Placement – Those persons who receive a sentence of five (5) years or less “shall serve that term in a county jail in a county in which the fiscal court has agreed to house state prisoners.” Class C and D felons who receive sentences over five years may also serve their time in a regional detention facility rather than in a state institution. KRS 532.100(4)(a)&(b). State prisoners who cannot be housed in county jails or regional detention facilities must be transferred to a state institution within 45 days of final sentencing. KRS 532.100(7).
Modification of Sentence – When a defendant is sentenced to one year of indeterminate time, the court may convert that sentence to a definite term of one year or less if it believes the felony sentence to be unduly harsh. KRS 532.070(2). This statute only applies to sentences imposed by juries, however, and not to plea bargains. Bailey v. Com., 70 S.W.3d 414 (Ky.2002).
Calculation of - One often hears that a “state year” is 7 months, 21 days, or that it is around 8 months. This is an old wives’ tale. The truth is there is no single answer to what constitutes a state year. It depends entirely on what kind of statutory credit the prisoner receives during each year. There are three kinds of statutory credit:
Statutory Good Time, KRS 197.045(1) – A prisoner can get 10 days of good time per month. This is probably the source of the rumor that a state year is around eight months. People multiply 10 days per month by 12 months and assume that means that 120 days (4 months) will come off the time, leaving only 8 months to serve out of every state year. It does not work that way. In actuality, the time is being taken off the end of the year as the year progresses, so the prisoner never “serves” 12 months.
Good time can be suspended for misconduct. Violent offenders do not get good time. KRS 439.3401(4). Sexual offenders earn good time but do not get it applied to their sentences until completion of the Sexual Offender Treatment Program. KRS 197.045(4).
Meritorious Good Time, KRS 197.045(1) – This is credit for performing duties and work while incarcerated, and is usually handed out liberally. A prisoner can get an extra 5 days of credit per month with this. So, if the prisoner is getting meritorious work time on top of good time, the 9th month of his state year will also fall off of his sentence after 6 months. This would reduce his “state year,” that year, to only 8 months.
Educational Good Time, KRS 197.045(3) – This is the only mandatory credit, and the only credit a violent offender can receive. KRS 439.3401(4). It is awarded upon the completion of a G.E.D. or the earning of a high school diploma, and upon the earning of a 2- and 4-year degree. This is a 60-day credit. So, if it is added to the credit our hypothetical prisoner already has for this year, his “state year” can be as short as 6 months.
See Brenn O. Combs, “Understanding Sentence Calculation and Application,” The Advocate, vol. 25, no. 5, September, 2003, pp. 30-36.
Sex Offenders – If a person convicted of a Class D sex offense receives a sentence of 2 years or more, he must serve that sentence in a state institution.
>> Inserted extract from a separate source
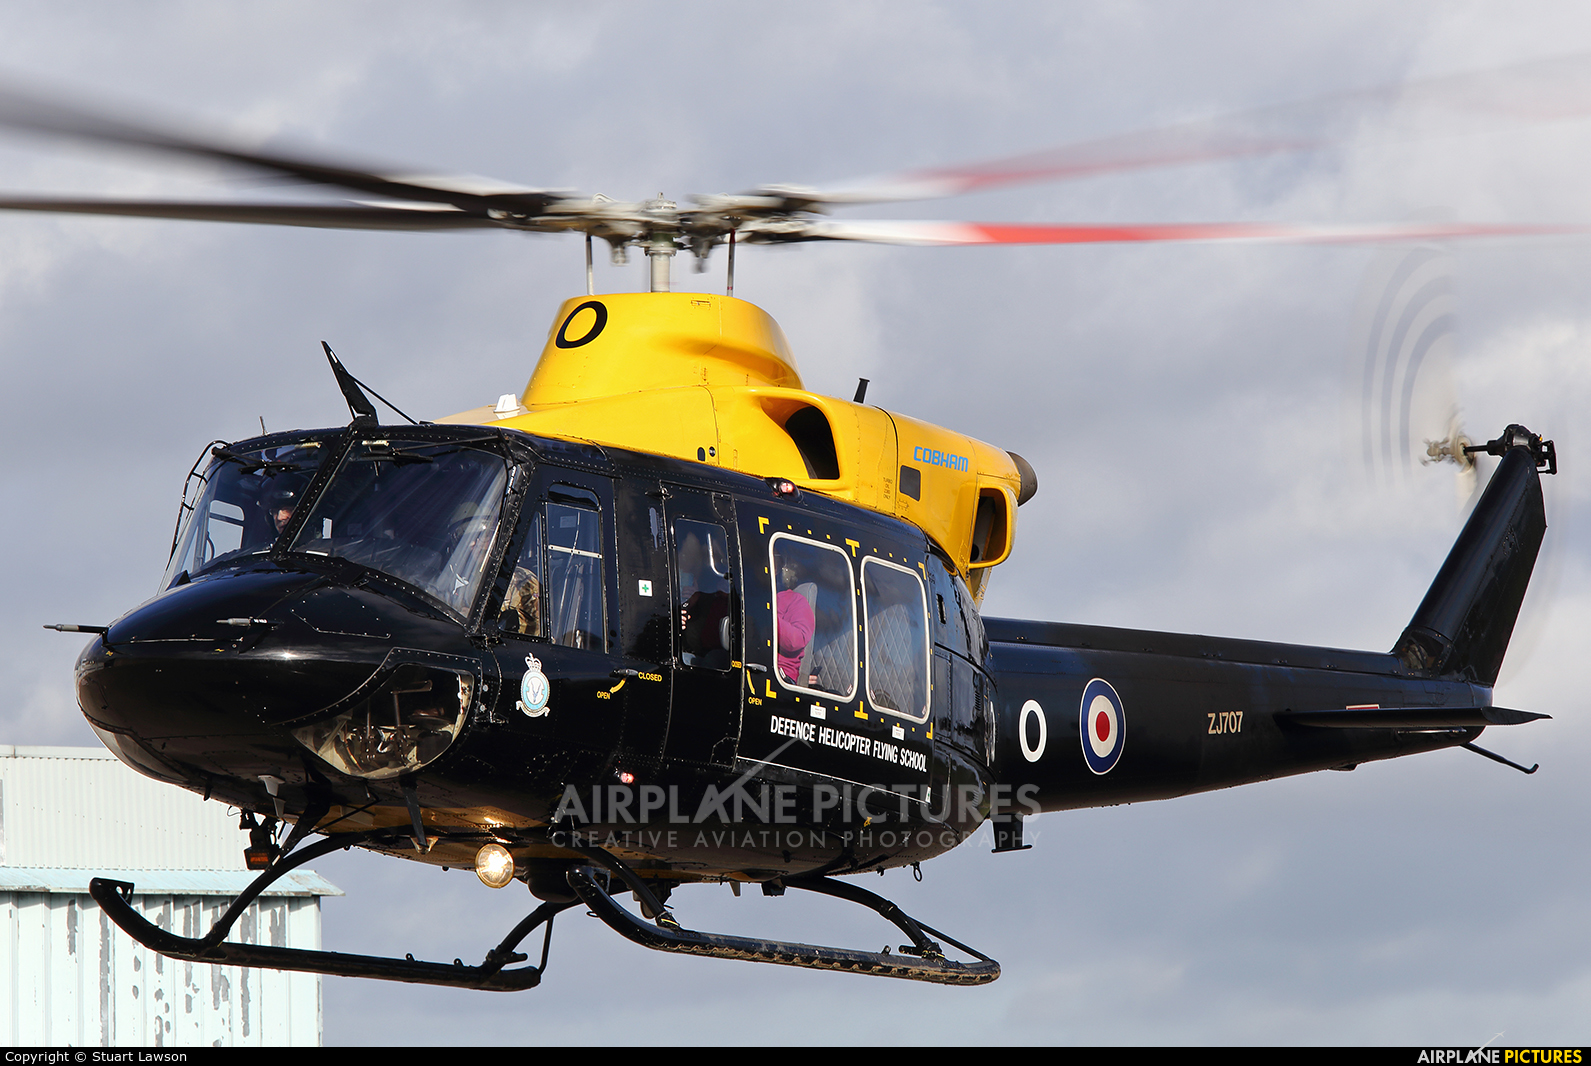 Royal Air Force ZJ707 aircraft at East Midlands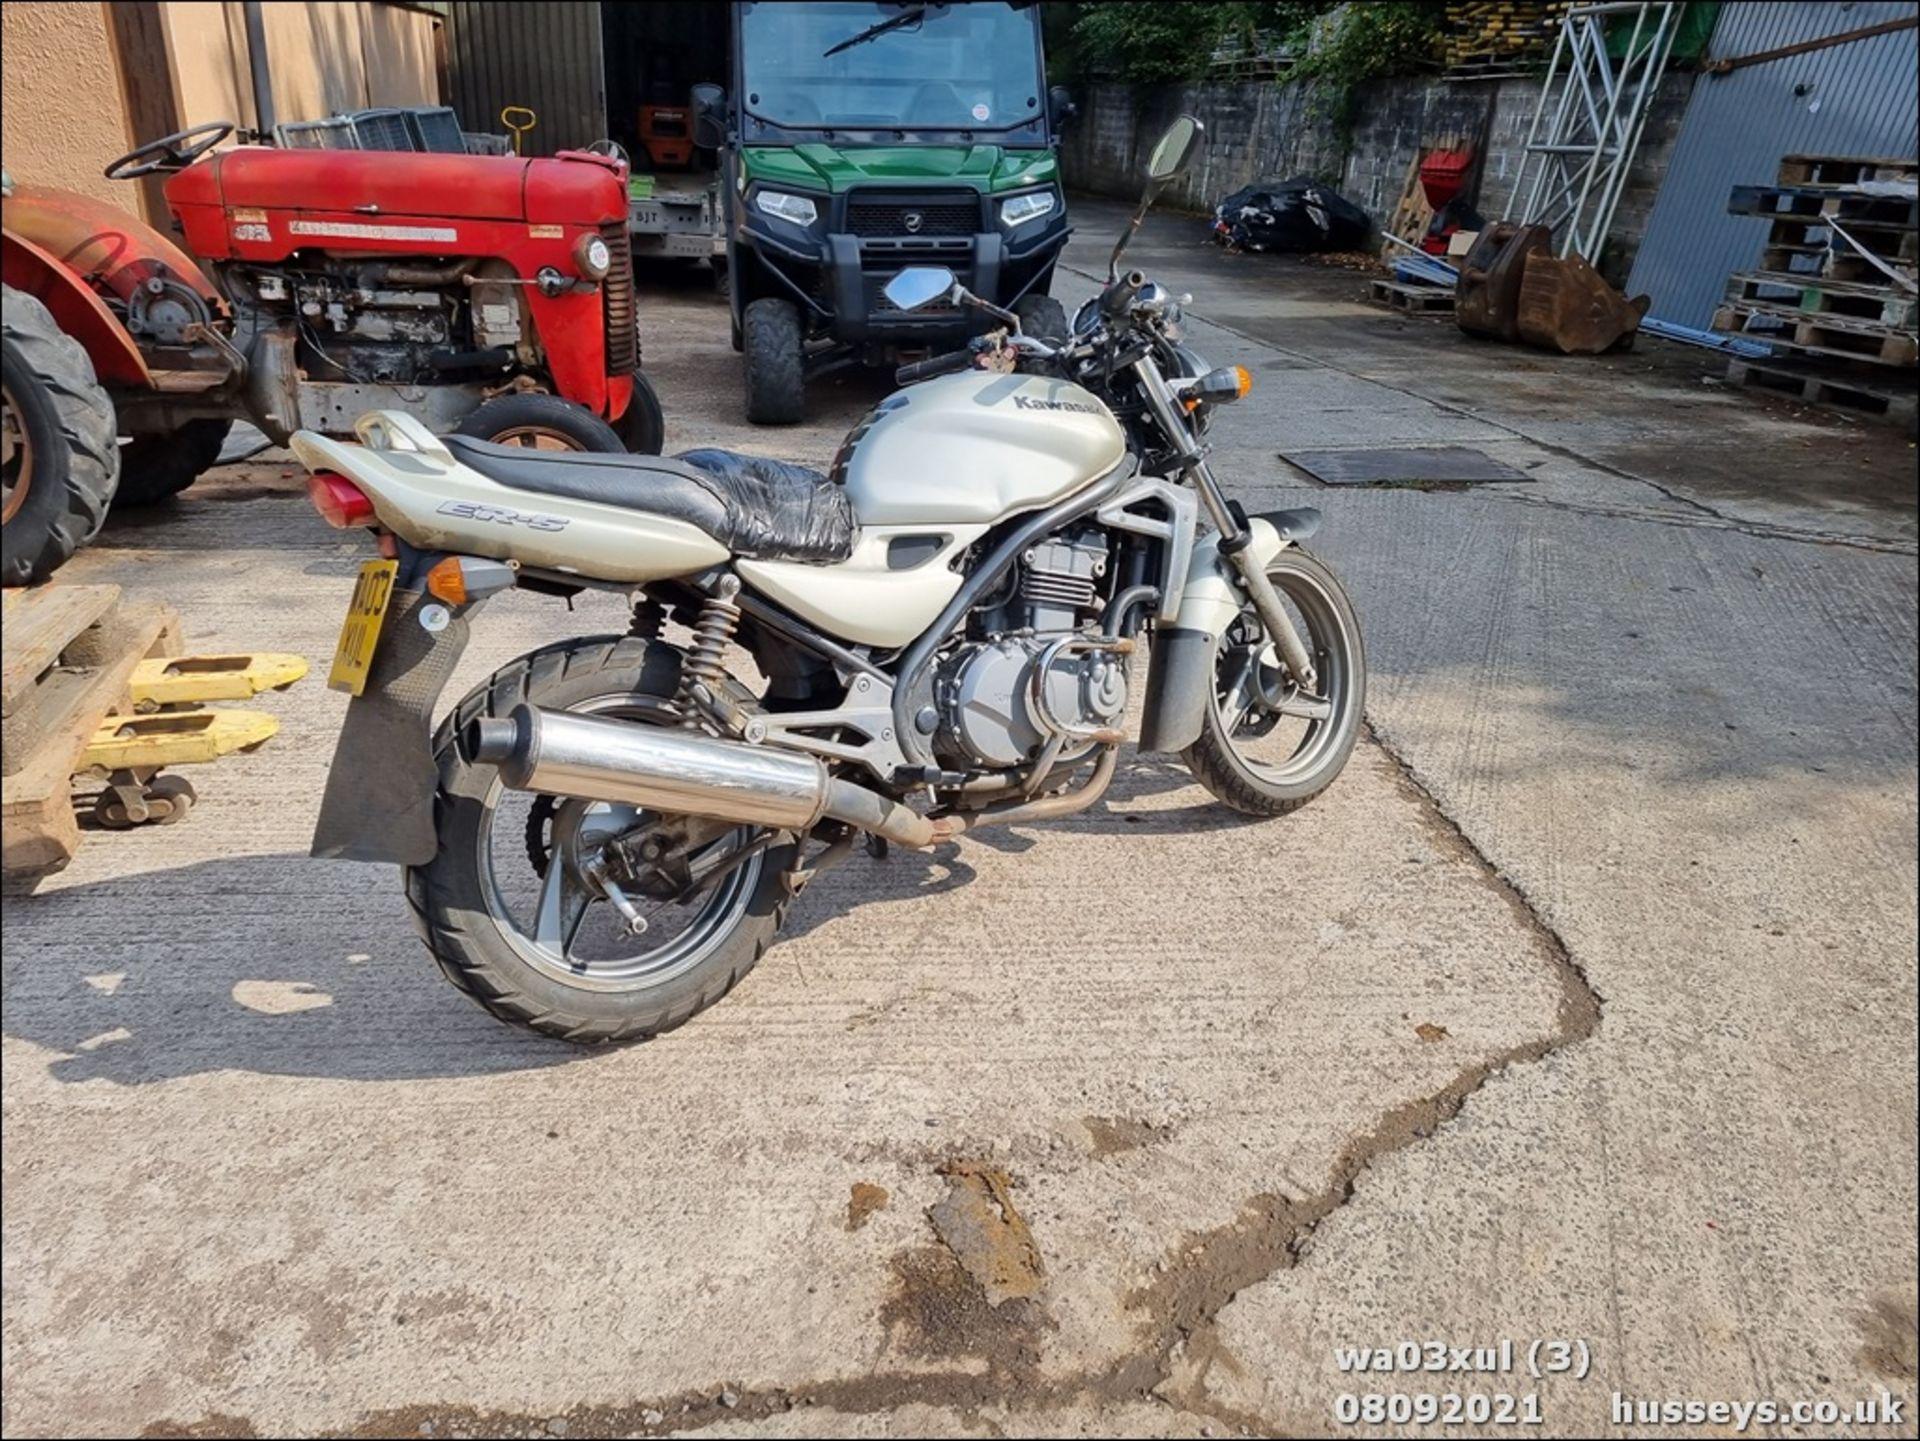 03/03 KAWASAKI ER500-C1 - 498cc Motorcycle (Gold) - Image 3 of 16

KRS 532.100(4)(a). State prisoners who cannot be housed in county jails or regional detention facilities must be transferred to a state institution within 45 days of final sentencing. KRS 532.100(7).
Be aware that, since KRS 439.340 requires completion of the Sexual Offender Treatment Program before a prisoner is eligible for parole, and since the program takes at least 2 years to complete, if your client receives a sentence of two years he will simply have to serve it all out. Good time will also not be credited until completion of the treatment program. KRS 197.045(4).